[tuSé sa bij] (loc. verb. RÉCRÉ.)
Selon que l’on touche ou que l’on est pris, tout change par le fait d’un seul verbe pour le suranné qui se respecte.
De respect, précisément, il ne vous en sera pas donné beaucoup si on vous prend pour une bille car ce n’est pas d’une petite boule de verre dont il sera alors question mais de votre tête… que l’on considérera d’ahuri, propre à valoir la moquerie. Il suffira cependant à cette même bille de rouler quelque peu pour que cette fois elle fasse la preuve de toute votre habileté et de vos compétences dans n’importe quel domaine.
Les mêmes qui se gaussaient en vous ayant pris pour une bille loueront alors vos qualités en disant que vous êtes une personne qui, vraiment, touche sa bille. En utilisant toucher, nous allons l’expliquer, elles ne feront nullement mention de ce petit geste répétitif et parasite qui consiste à vérifier tous les quarts d’heure si votre braguette est bien fermée¹; non, toucher sa bille nous vient d’ailleurs.
Il se pourrait que l’idée de compétence pointue qui se meut avec toucher sa bille provienne du billard, sans que l’on sache exactement s’il s’agit du français (le billard carambole à trois billes), du 8 Pool (celui qui se joue avec sept billes rouges, sept jaunes et une noire), du snooker (quinze billes rouges et six billes de couleur), ou du russe (une rouge, quinze blanches). On toucherait sa bille dans ce cas depuis le XVᵉ siècle, époque à laquelle l’ébéniste Henri de Vigne réalisa pour Louis XI la première table connue, mais il n’est fait mention de l’expression ni dans la légende noire du roi, ni dans celle qui tentera de corriger sa mauvaise réputation quelques siècles plus tard.
Notons cependant qu’il fallait toucher sa bille pour devenir Mousquetaire du Roi, la connaissance complète du jeu étant exigée auprès des candidats à la prestigieuse fonction². Cependant là encore, Alexandre Dumas n’use pas de cette locution pour nous faire part des qualités d’Athos, Porthos ou Aramis, et pas plus pour D’Artagnan.
Il parait nettement plus sérieux d’attribuer l’origine de toucher sa bille à la cour de récré.
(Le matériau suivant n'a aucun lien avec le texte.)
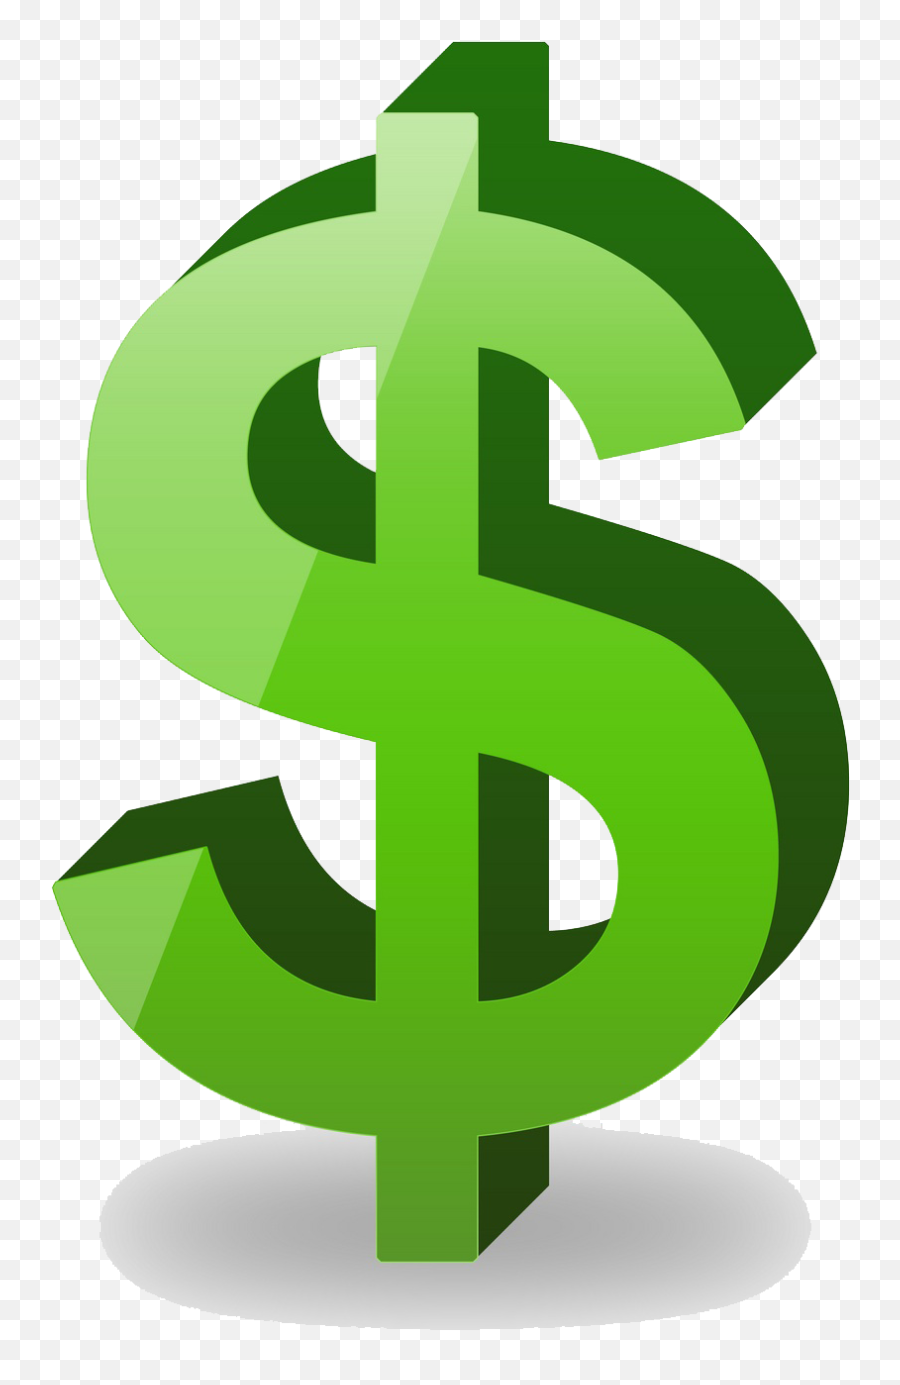 Dollar - Dollar Sign Clipart Png,Dollar Sign Icon Transparent Background
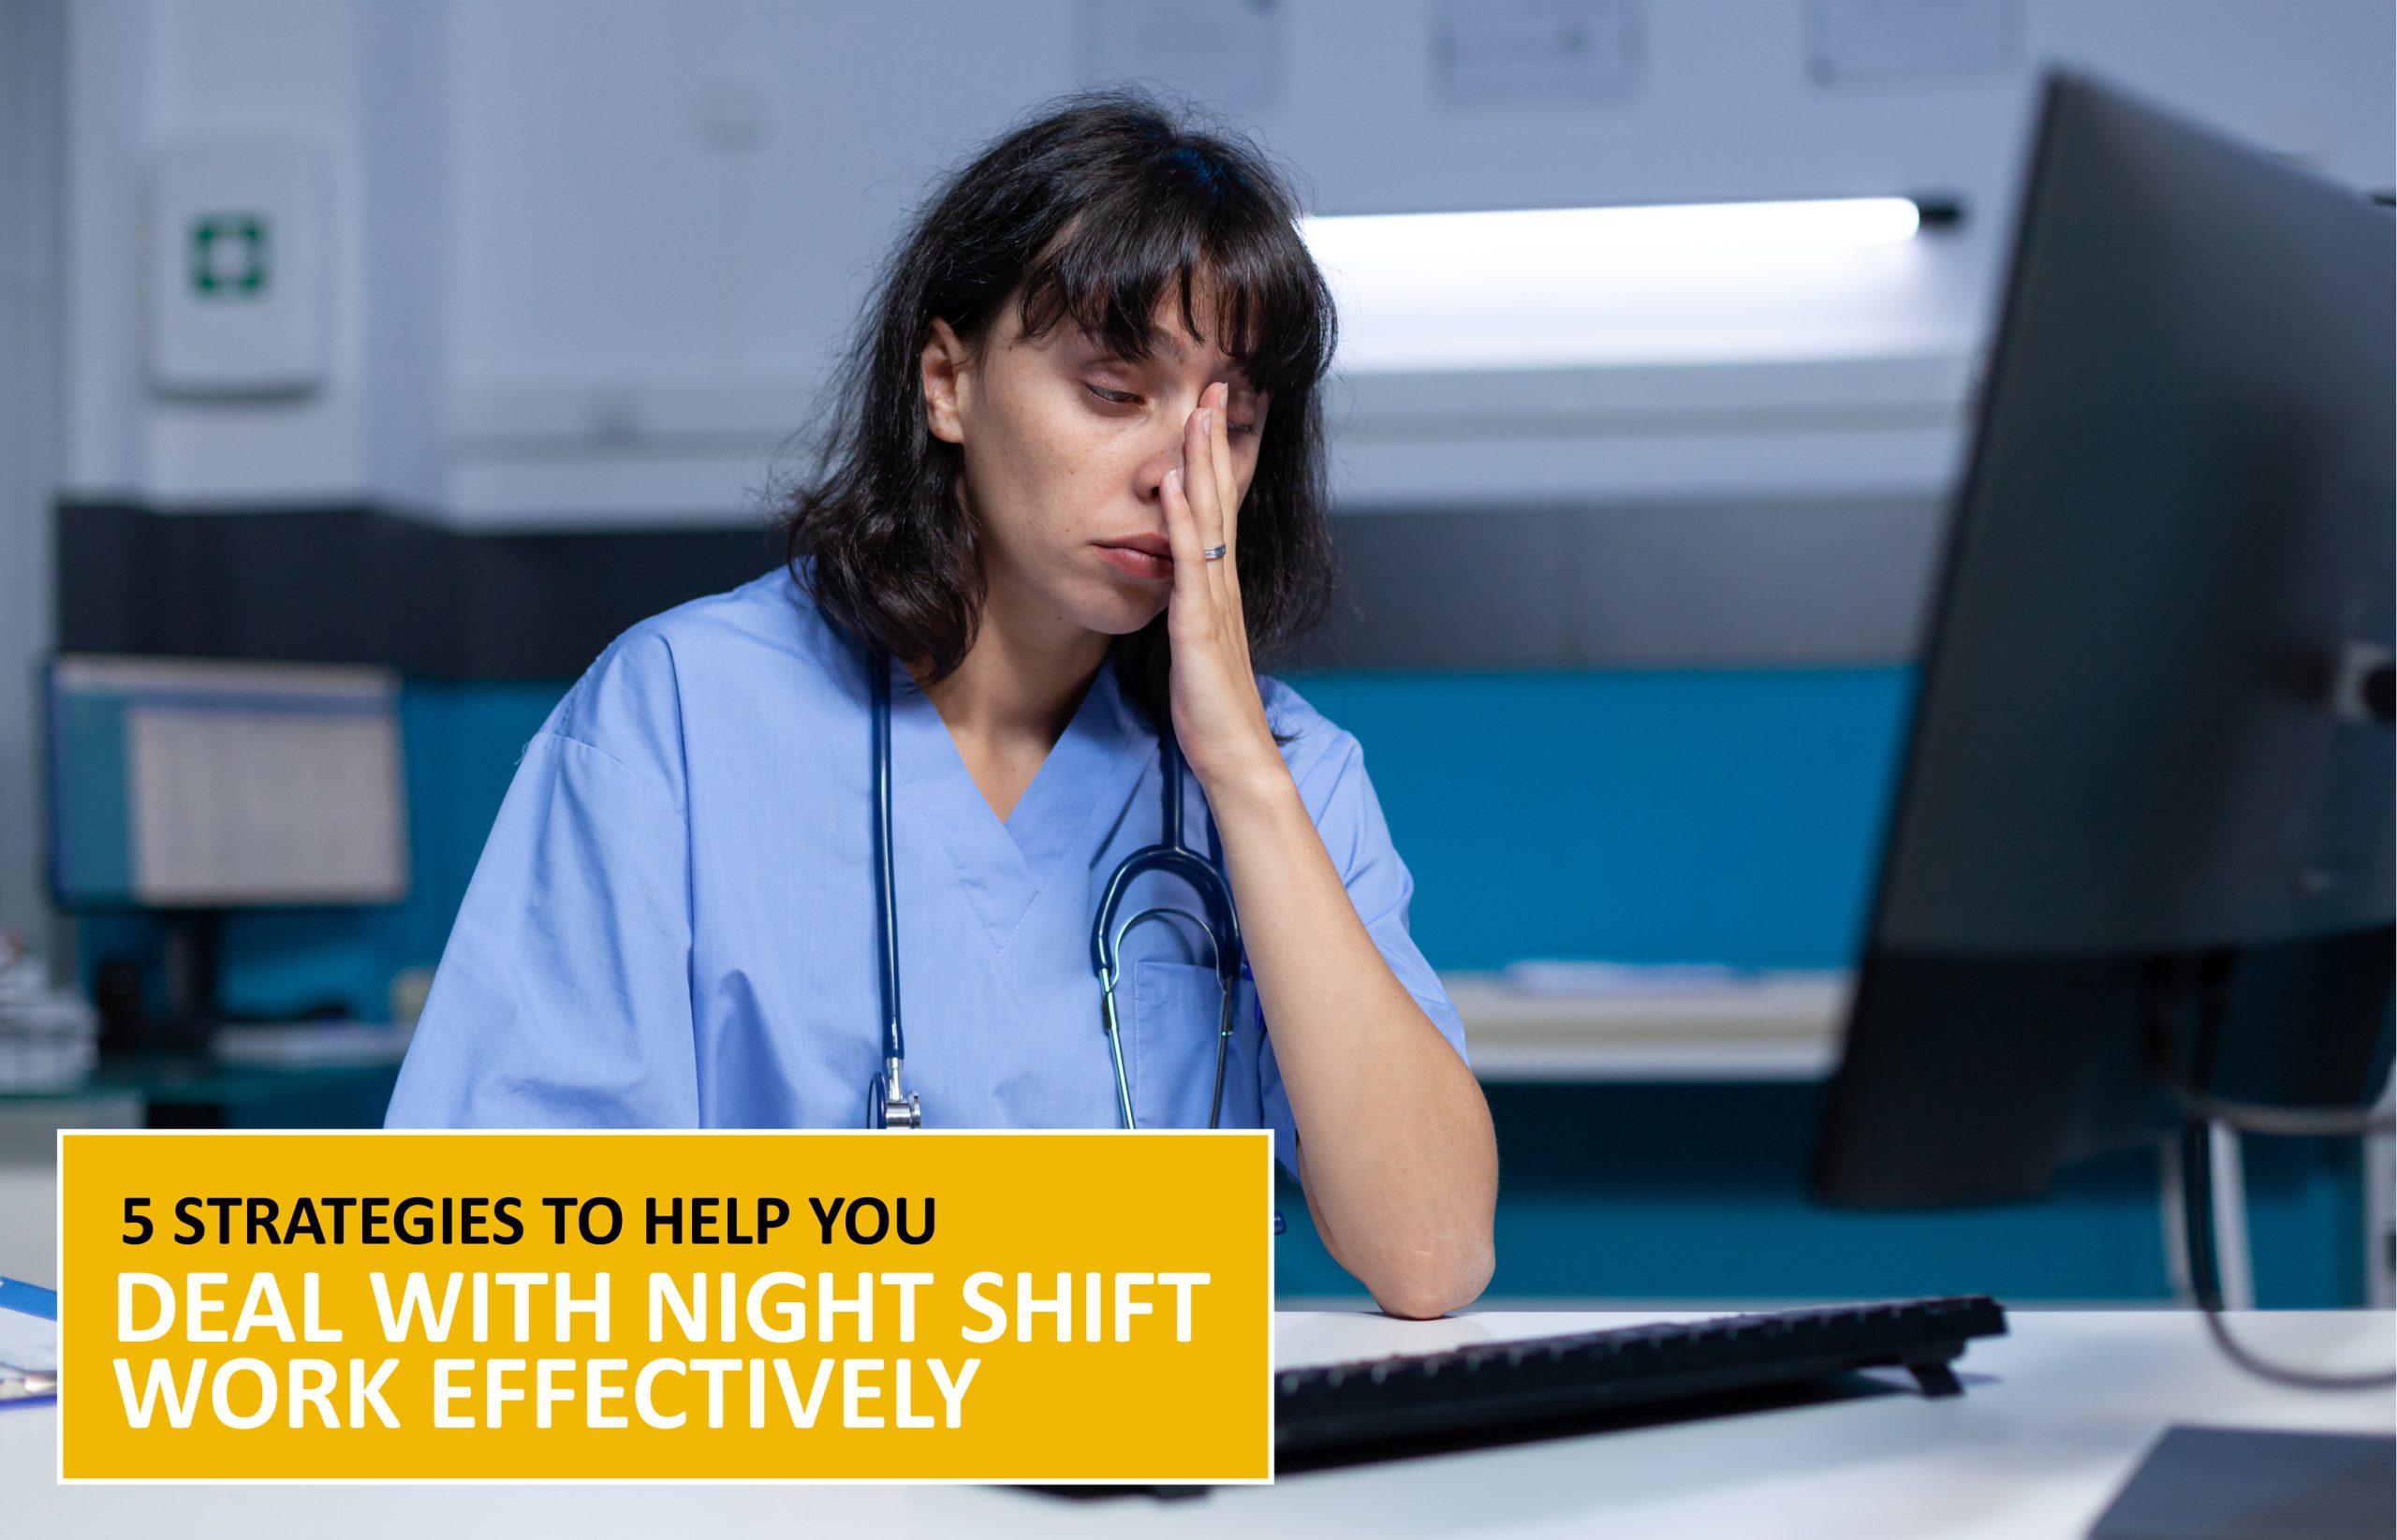 5 Strategies to Help You Deal with Night Shift Work Effectively

Si Grecs et Romains jouaient à lancer tout et n’importe quoi dans des trous, le véritable jeu de billes se développe avec la gratuité de l’enseignement primaire voulue par Jules Ferry en 1881.
Dès le prime XXᵉ siècle, la pichenette, le pointage, la pince, le calage, sont les techniques de lancer qui permettent de toucher sa bille, que ce soit dans une partie de tic, de poursuite ou de pyramide. On utilise aussi toucher sa bille pour décrire l’habileté du joueur lorsqu’on parle de pot, de mur ou de Tour de France (sur la plage avec Papa) même si dans chacune de ces parties le but n’est pas de toucher une bille… Preuve s’il en faut que la simple description de l’objectif du jeu est devenue synonyme de dextérité et donc, expression consacrée.
Toucher sa bille bat en retraite lorsque le jeu n’est plus de berlingot, de porcelaine (la fameuse « porce »), d’œil de chat, d’abeille, d’agate ou de plomb mais presque exclusivement vidéo. Les poulbots et leur petit sac de toile empli de ces billes de couleurs qui faisaient leur gloire dans la cour de l’école, comparent désormais leurs scores sur Donkey Kong, Space Invaders, Pac Man et Galaxian : en modernité il faut faire du chiffre pour prouver qu’on est bon, la maestria et le beau geste ne valent plus grand chose.
Bien vite, ces pixels devenus désuets rejoindront les tétine, normale, boulet, calot, mammouth, bigaro et triard dans les malles au grenier. Mais ceci est une toute autre histoire.